Part Two is called Sex, Drugs, Rock and Roll, and all that good clean fun becomes tempered by drug experimentation, first-time sex, and more ambitious music pursuits. It’s the heart of the sixties.
Part Three is called The Last Gasps of the Sixties, and the author drops us right on our butts with accounts of abuse, near-fatal illness, lost love, and the extreme loneliness of being a Canyon girl.
I love the Afterword. The author gives us her point of view of the world as it is now, and explains where her friends are and what they’re currently doing. It ties together loose ends and is extremely satisfying to read.
Blue Jean Baby is an unexpectedly candid, chatty book. I felt as if the author were sitting in my living room, arms wrapped around denim knees, telling me how it was for her in the sixties. A great read!
I’m fond of biographies, especially autobiographies, and this one was beautiful. I gave it four stars because it only covers a decade in the author’s life, but that decade was remarkable. I’ve read other books by 1960s music fans, but they didn’t express the internal turmoil and the poignant emotions of “Blue Jean Baby.”
Don’t mistake me. There is a lot of upbeat silliness in the book, but the reader always feels an impatience that borders on desperation, even during very young concert pranks and other youthful fun. When the tone shifts mid-book, we really begin to feel the longing and even sadness of the author’s life experience.
I recommend this read to everyone. It reads like an easy novel, and might even appeal to the mature members of the younger crowd.
| By | (United States) - See all my reviews |
My wife bought this book because she loves to read about the sixties. She asked me to read it also, explaining I’d like it because it wasn’t cheesy, which is my main complaint with what I call “groupie books.” I have to admit, this is an accurate, fun, and touching account of the author’s experience.
Our granddaughter, age 16, stayed with us over Easter weekend. My wife encouraged her to read Blue Jean Baby. Here’s where the revenge comes in. Jenn was amazed at what a different life we baby boomers lived during our teen years. “You had to use pay phones?! No way!” “Guys moved out of the country to avoid going into the army?! No way!” “Girls couldn’t get birth control?! No way!” “Her mom could make her do that?! No way!” and so forth.
Yes Jenn, and other modern teens, we really did struggle along without the modern conveniences, and yes, our parents could make our lives a living hell.

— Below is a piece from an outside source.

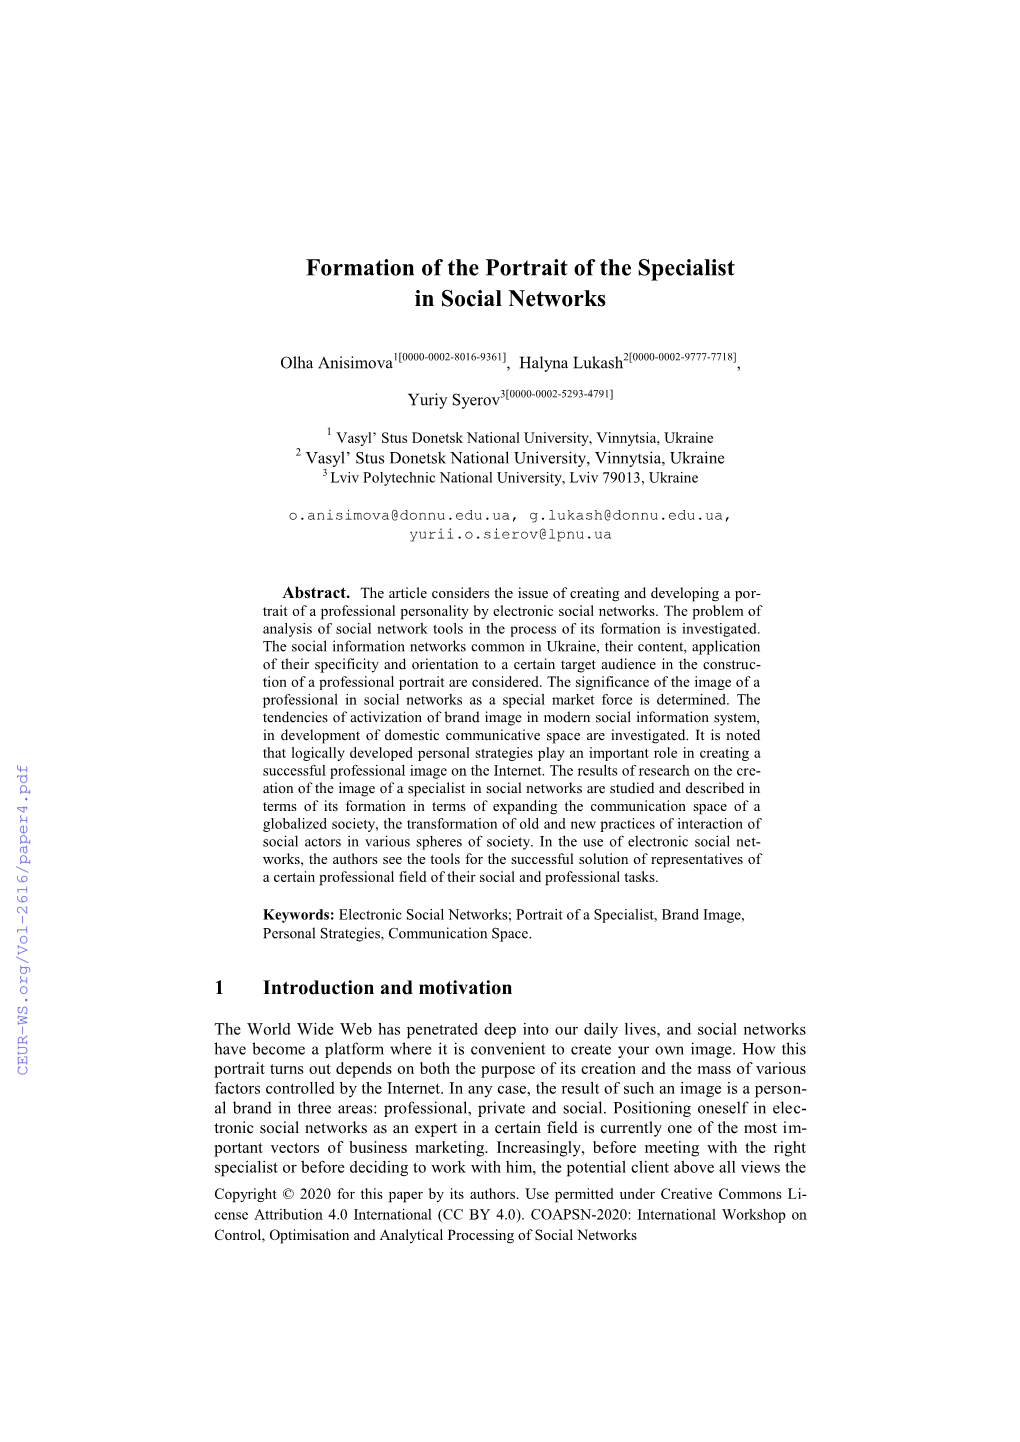 Formation of the Portrait of the Specialist in Social Networks
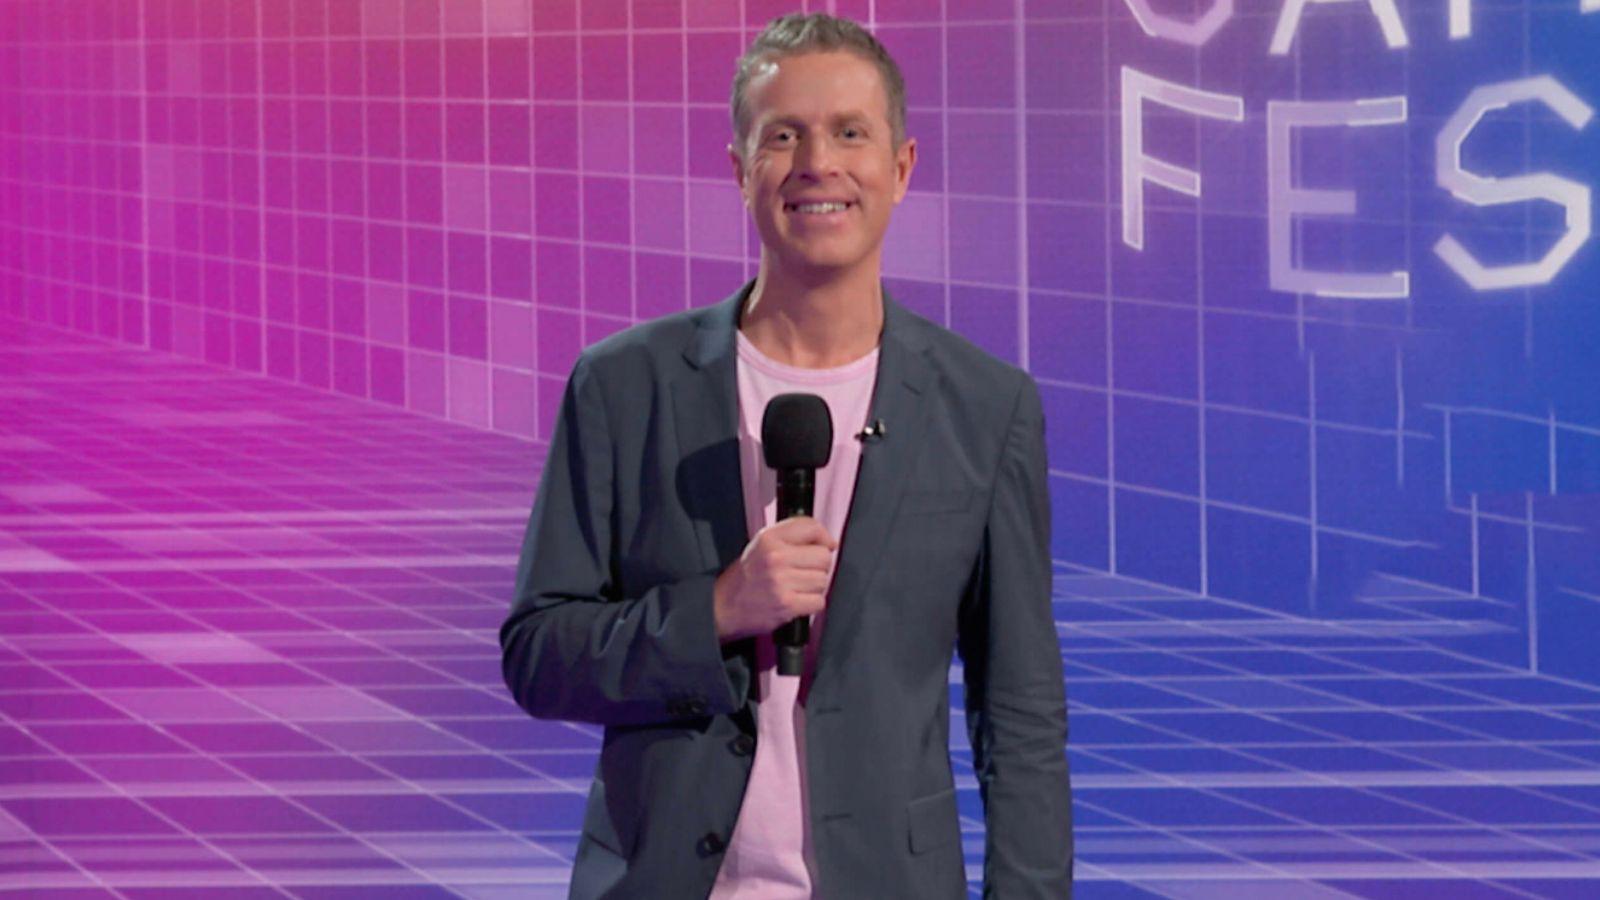 Geoff Keighley at Summer Game Fest

The world was in a police state known as Vietnam, and the soldiers didn’t receive special treatment, they were called baby-killers. Girls who had sex before marriage were considered cheap. Music was recorded on vinyl. Parents really could hit their kids, and on and on.
I won’t take up any more space with this. I hope you other baby boomers get the idea and, after reading this book yourselves, pass it on to children and grandchildren. Reliving the reality of the sixties can be a humbling experience.